NAD+ and the Hallmarks of Aging Series – Part 7: Cellular senescence – ALIVE BY SCIENCE – Bioavailable NAD+ Boosters

NAD+ and the Hallmarks of Aging Series – Part 7: Cellular senescence

Cellular senescence – Aging at the cellular level

Cellular senescence is generally defined as a loss of the ability to divide followed by some secretive phenotypes. This phenomenon is first described by Hayflick in 1961, which is primarily caused by telomere shortening or other kinds of DNA damage. As DNA damage is typically inevitable during the DNA replication processes, senescent cells are actually universal: they do not only exist in the old tissues, but also in young tissues.

A previous study suggests that 8% of cells are senescent cells in the liver of young mice and in very old mice, the percentage of senescent cells reaches 17% (read more at Wang et al. 2009 https://onlinelibrary.wiley.com/doi/full/10.1111/j.1474-9726.2009.00481.x). Similar results were observed in the skin, lung, and spleen, but no changes were observed in the heart, skeletal muscle, or kidney, suggesting these issues are more resistant to the age-related accumulation of senescent cells.

 

Cellular Senescence
Senescent cells (colored) in young and old tissue (Wang et al. 2009)

 

Cellular senescence as a protective mechanism in young tissue

Since the number of senescent cells increases during aging, it is easy to assume that cellular senescence is a “bad thing” that contributes to aging. However, as a genetically “programmed” pro-cedure, there is an evolutionary purpose. Senescent cells prevent the propagation of damaged cells by actively suspending their ability to replicate and also trigger their removal by recruiting immune cells.

Therefore, in well-maintained tissues (e.g., young tissue with good immune function), senescence is potentially a beneficial mechanism that removes the damaged and oncogenic (cancerous) cells and it will remain to be beneficial as long as this tissue maintains an efficient cell replacement system, including the clearance of senescent cells and generation of progenitors to replace those senescent cells.

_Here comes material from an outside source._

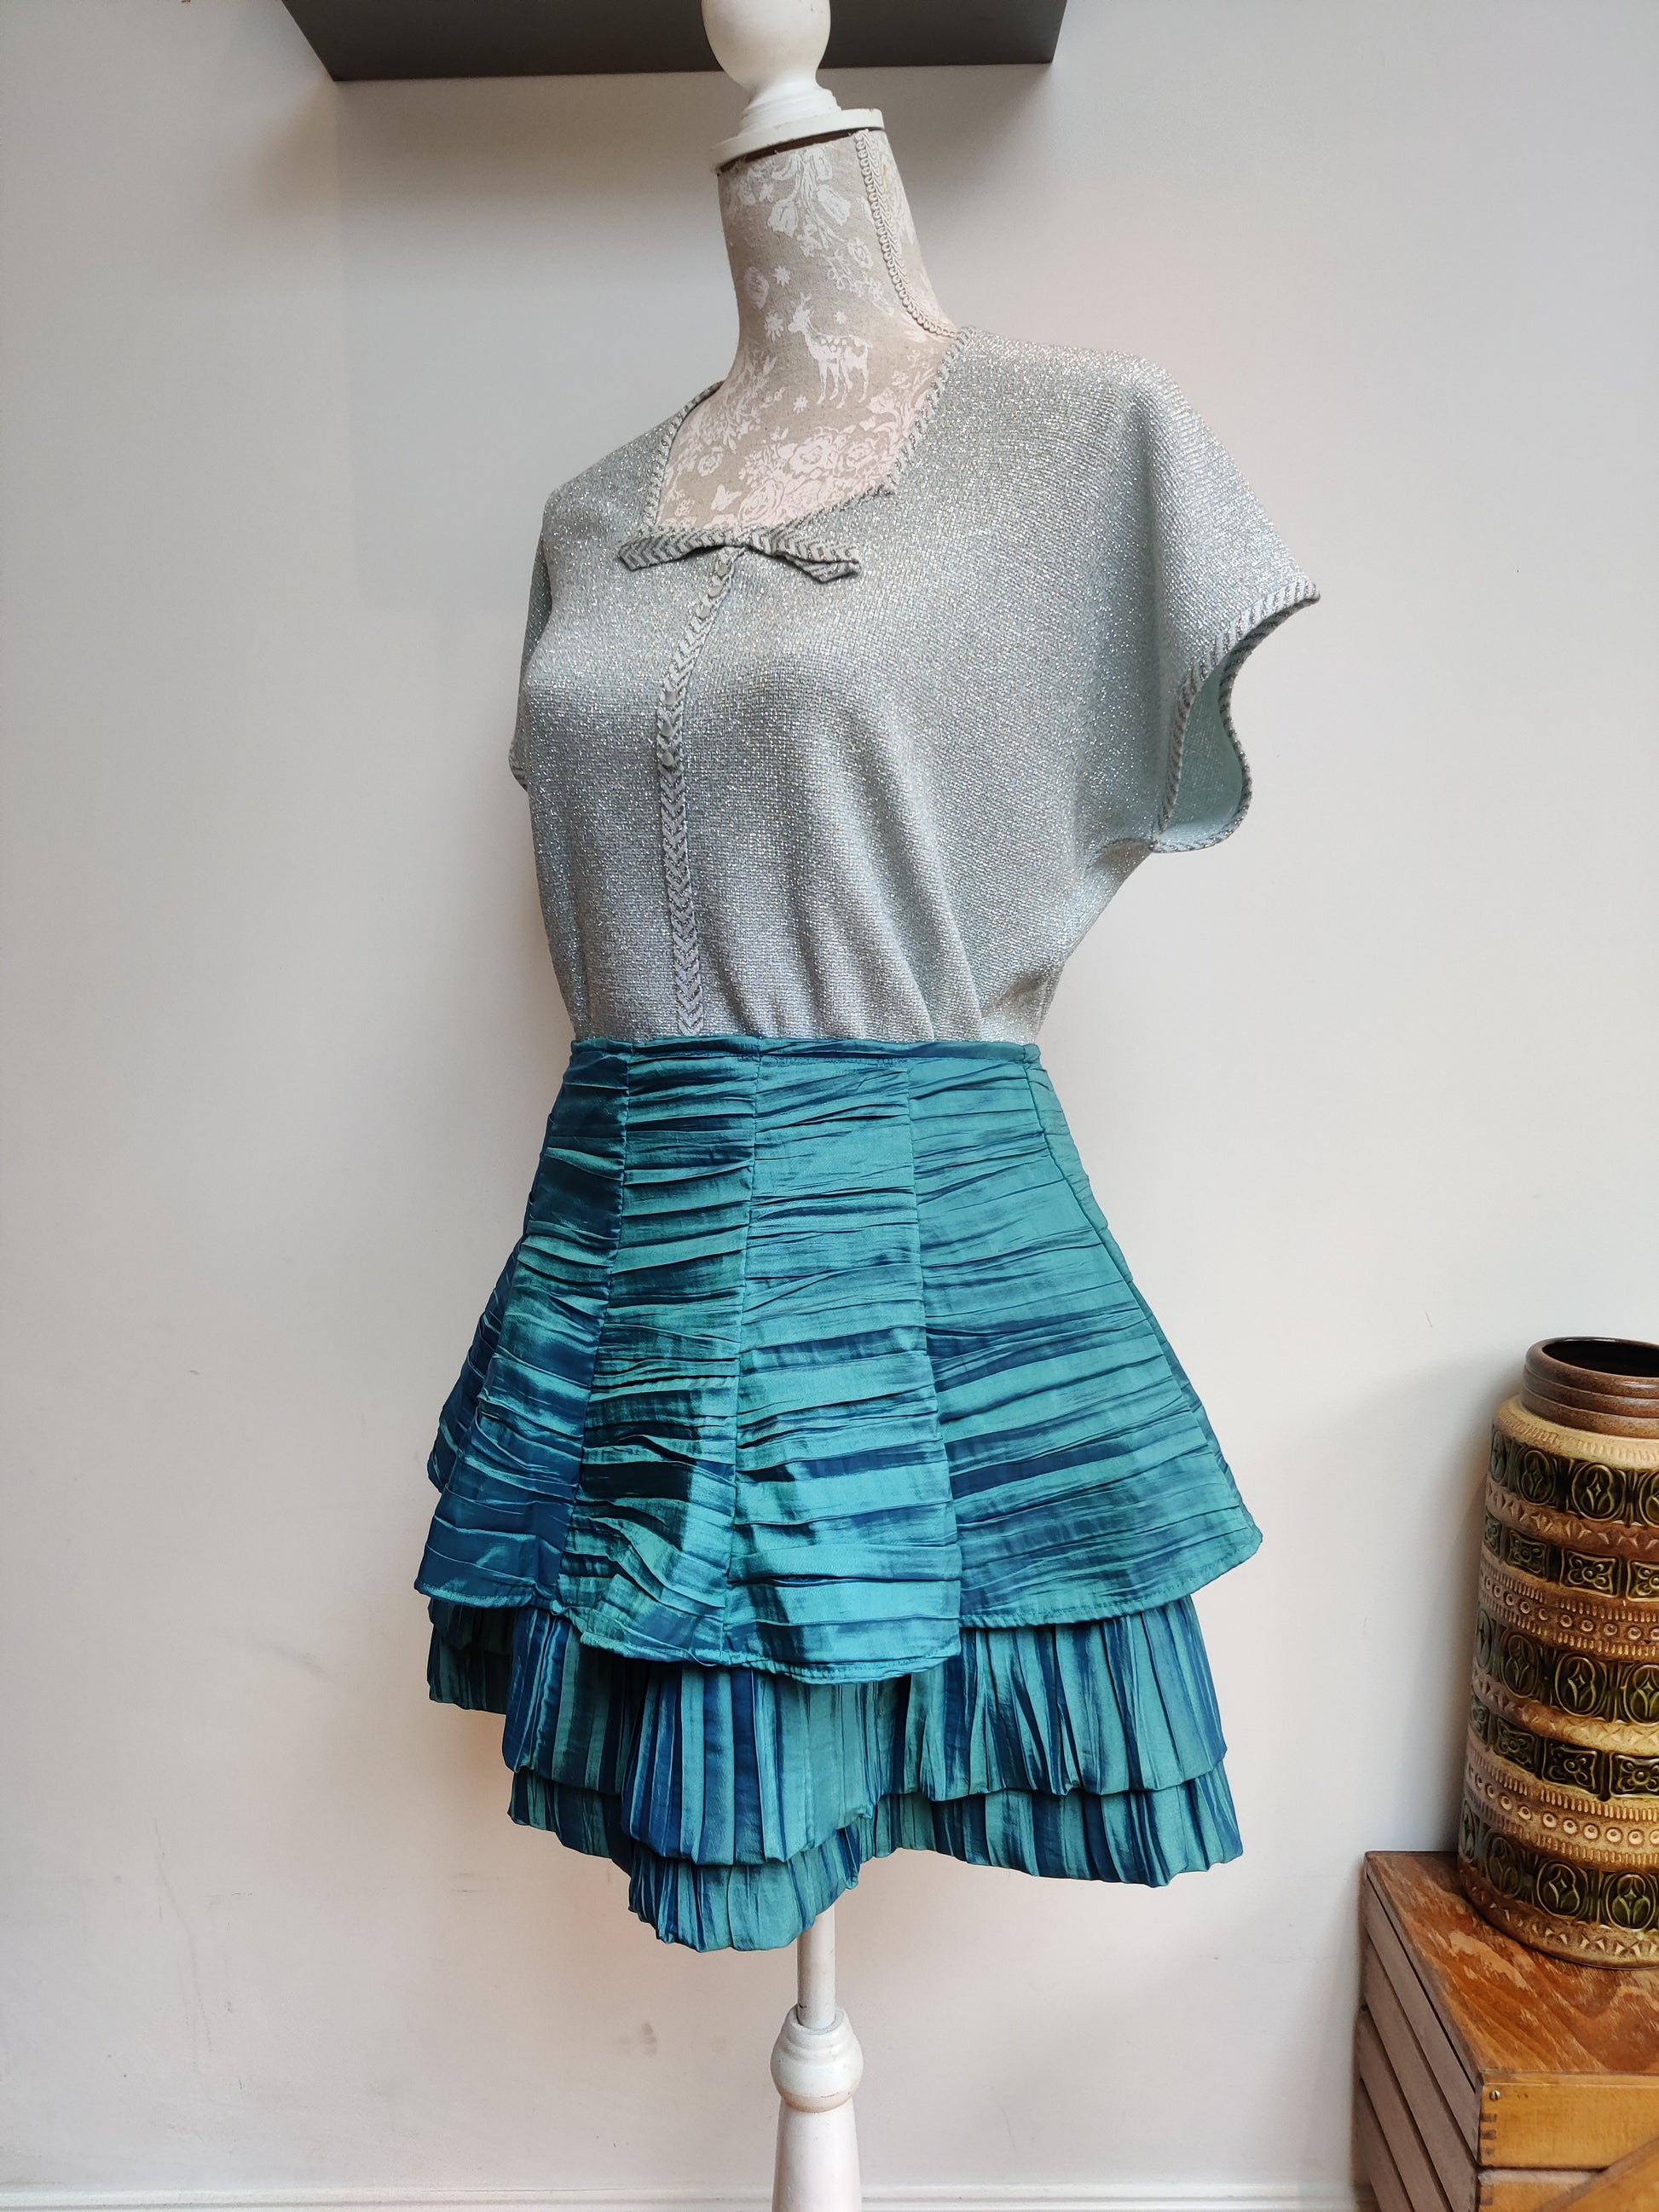 size 16-18 rara skirt vintage.
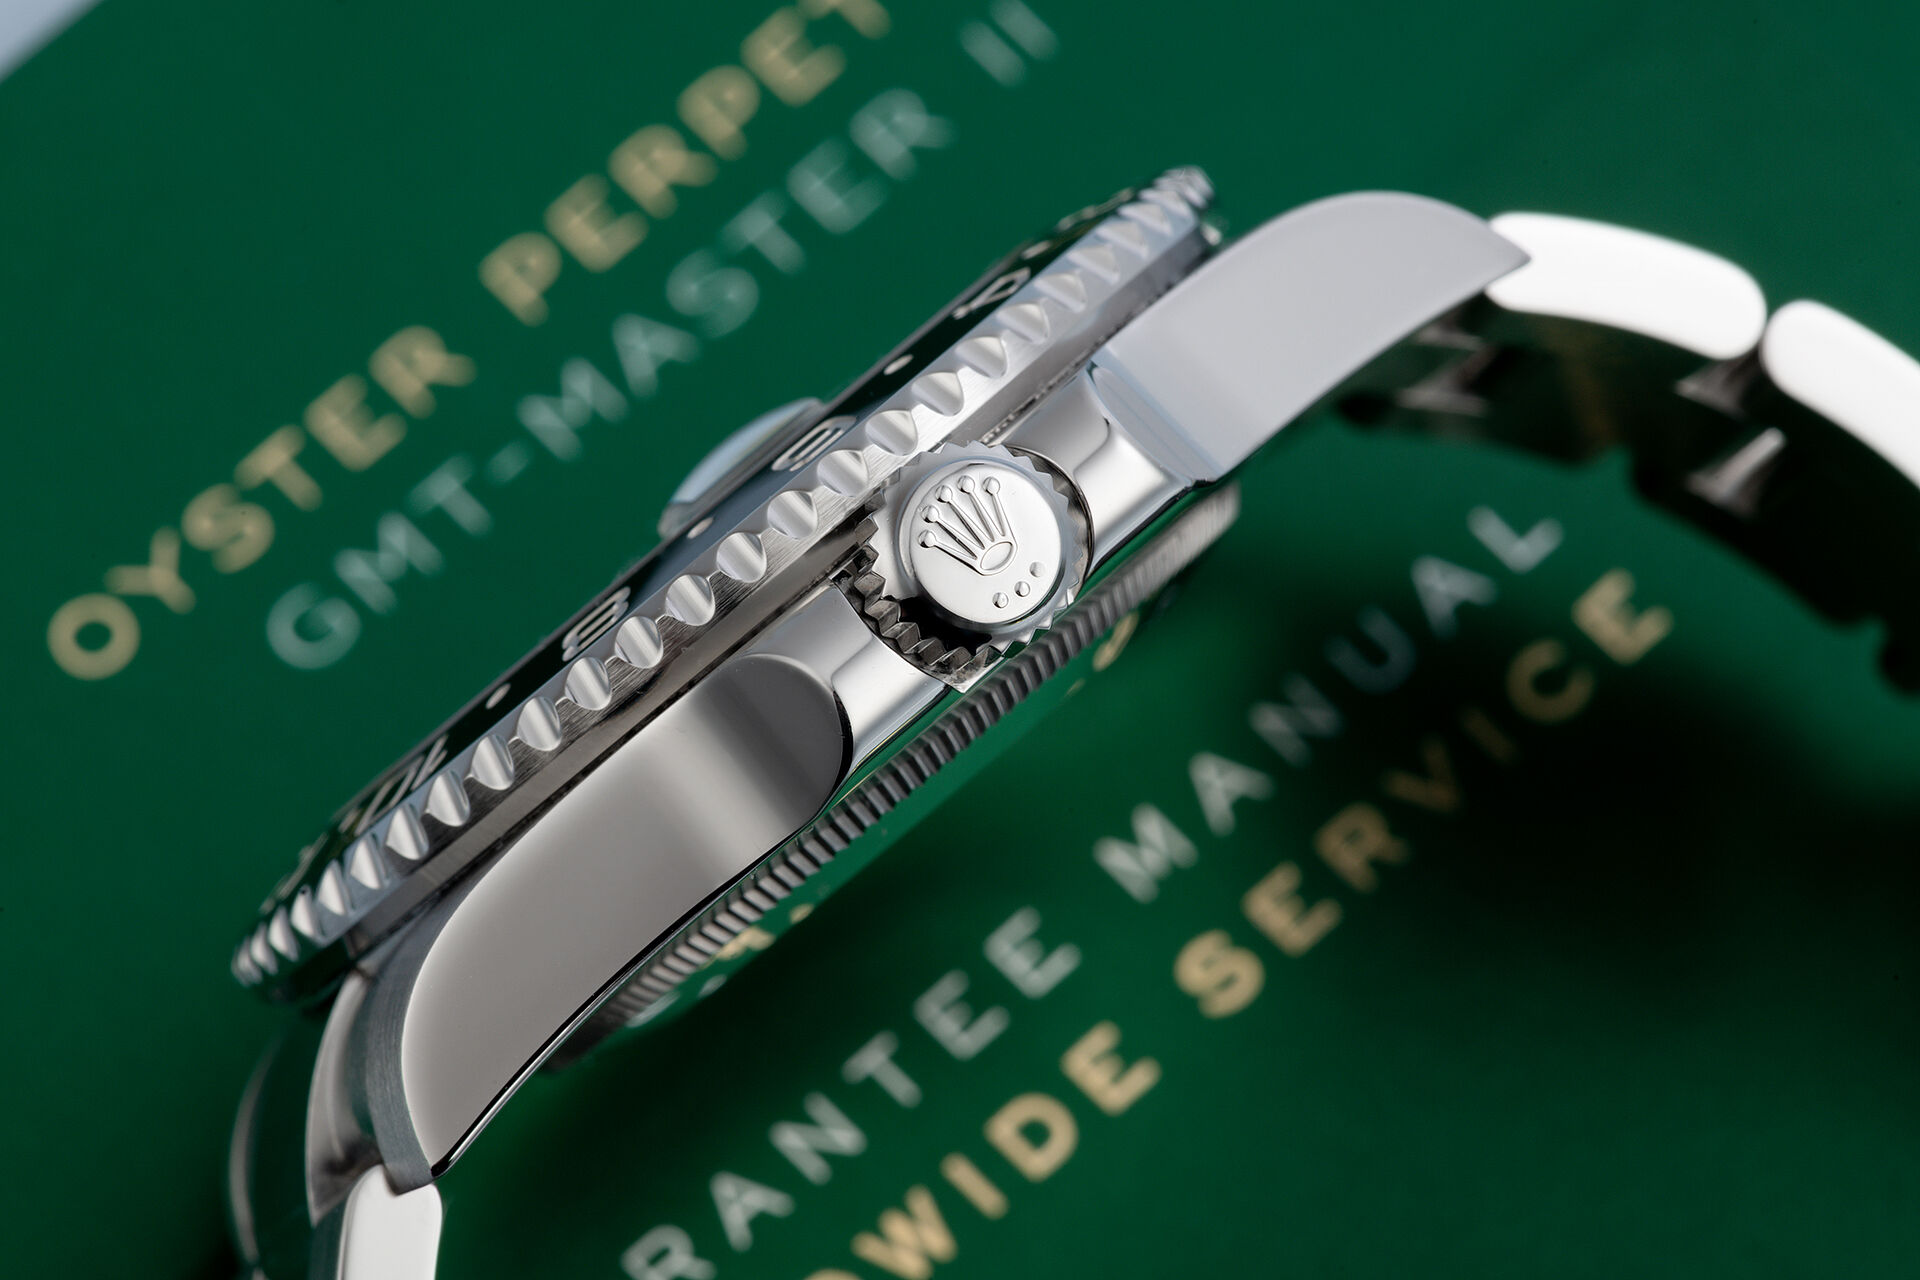 ref 116710LN | '5 Year Warranty' | Rolex GMT-Master II

But it aggravates the damage in old tissue…

As one could imagine, in aged organisms, the maintenance system mentioned above will become inefficient and may exhaust the regenerative capacity of progenitor cells. This functional decline will eventually result in the accumulation of senescent cells that aggravate the damage and contribute to aging.

Senescent cells show dramatic alterations in their secretome (i.e., the molecule they released to the intercellular environment), which is particularly enriched in proinflammatory cytokines. This behavior is referred to as the “senescence-associated secretory phenotype”, or SASP. Originally, these inflammatory factors will recruit the immune cells. In young tissues, the immune cells are usually responsive and will effectively remove the senescent cells. However, in old tissue, the immune system usually fails to respond to the signal and remove senescent cells. This results in the accumulation of senescent cells in the tissue, as well as chronic inflammation in old tissue (aka, inflamaging).

 

Cellular Senescence diagram
The two faces of cellular senescence (Lopez-Otin et al., 2013)

 

NAD+ supplementation previents senescence

As previously mentioned, cellular senescence is mostly driven by DNA damage. The ATM kinase, encoded by the ataxia telangiectasia-mutated (ATM) gene is a master regulator of the DNA double-strand break repair responses and contributes to cellular redox balance. In response to DNA damage, ATM is activated and then phosphorylates several downstream proteins that enhance DNA repair. In ATM-deficient cells, mitochondrial dysfunction and cellular senescence are observed.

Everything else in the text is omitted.